On paper, John Kerry’s higher education plan exhibits a
far-reaching ambition that dwarfs the campaign proposals set forth
by the Bush campaign. While President Bush is focused on the same
marginal increases in Pell Grants he promised four years ago, Kerry
has proposed a sweeping national service plan that, if fully
funded, would cover tuition costs for hundreds of thousands of
students across the country. The plan, which hands out federal
grants to students who agree to participate in at least two years
of community service, aims to reach nearly 500,000 students
nationwide. Along with his bold national service plan, Kerry has
also called for a $4,000 tax credit for parents with college-age
students, as well as a $10 billion block grant for states that
agree to cap tuition at or below the rate of inflation.

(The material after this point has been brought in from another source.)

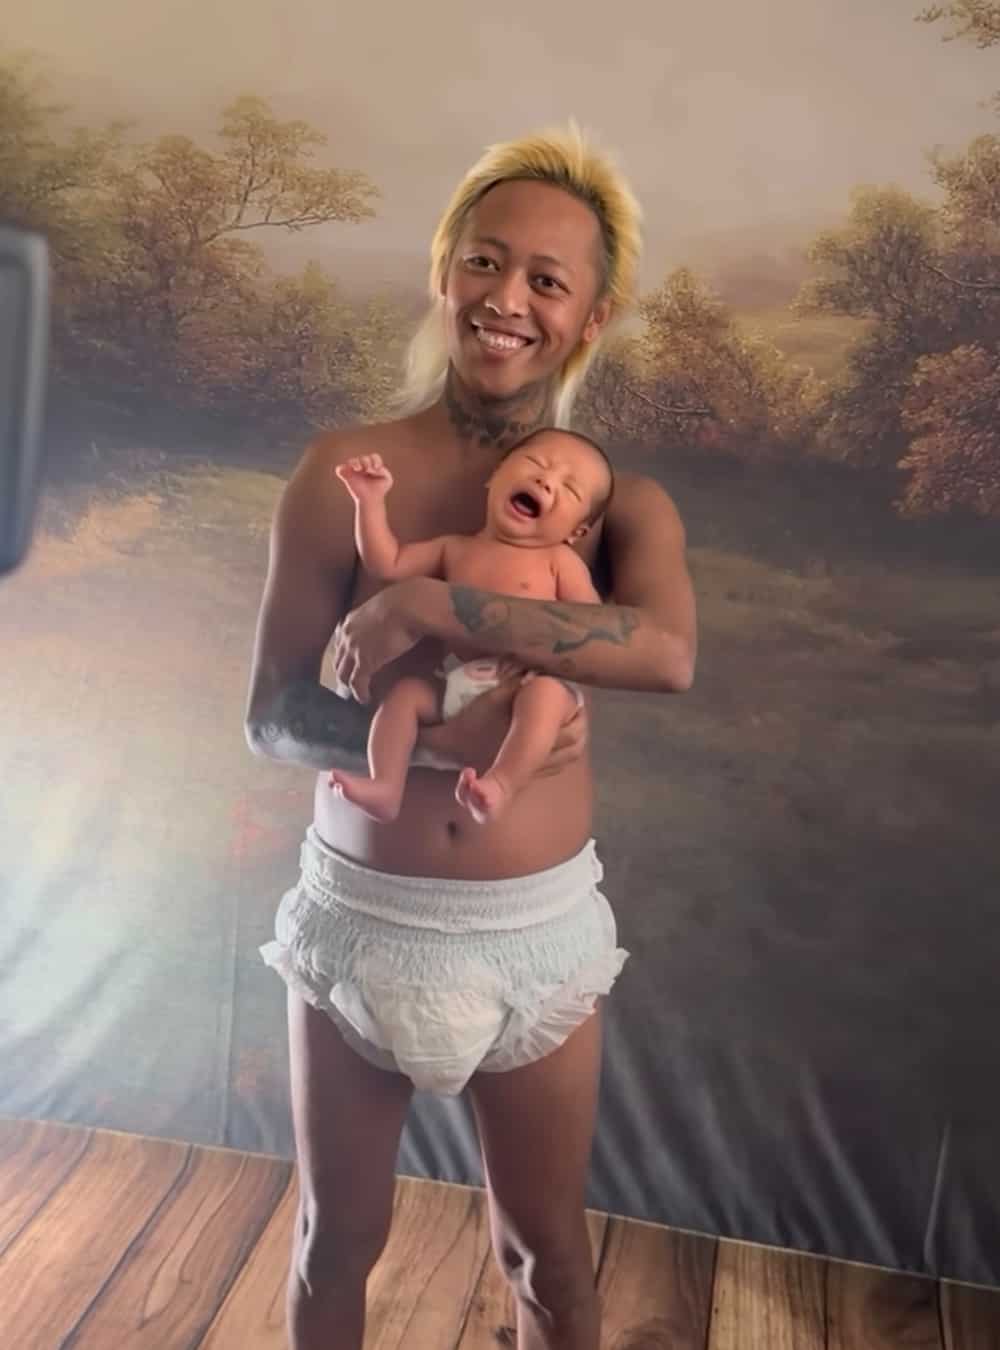 Whamos Cruz, nagpa-photoshoot kasama si Baby Meteor: “like father like son”

While Kerry’s education plan is commendable, it remains to
be seen whether Kerry can muster the fundraising capacity to
finance it while simultaneously sustaining his pledge to cut the
budget deficit in half over the next five years. To his credit,
Kerry has argued that an overhaul of the student loan process, one
that would close lending loopholes and force banks to bid for
student loans in an auction-style format, would pay for the bulk of
his higher education plan. He says the shake up will yield an extra
$14 billion over the next 41 years.

If the Kerry campaign has its numbers straight, and its
broad-scale higher education initiative has a reliable grounding in
fiscal reality, it may very well prove the long-sought solution to
the scarcity of affordable college education in the United States.
Unfortunately, Kerry’s service plan is a scaled back version
of the original proposal. Nonetheless, there is no question that
Kerry’s plans to help make college more affordable will have
a much more positive effect than Bush’s.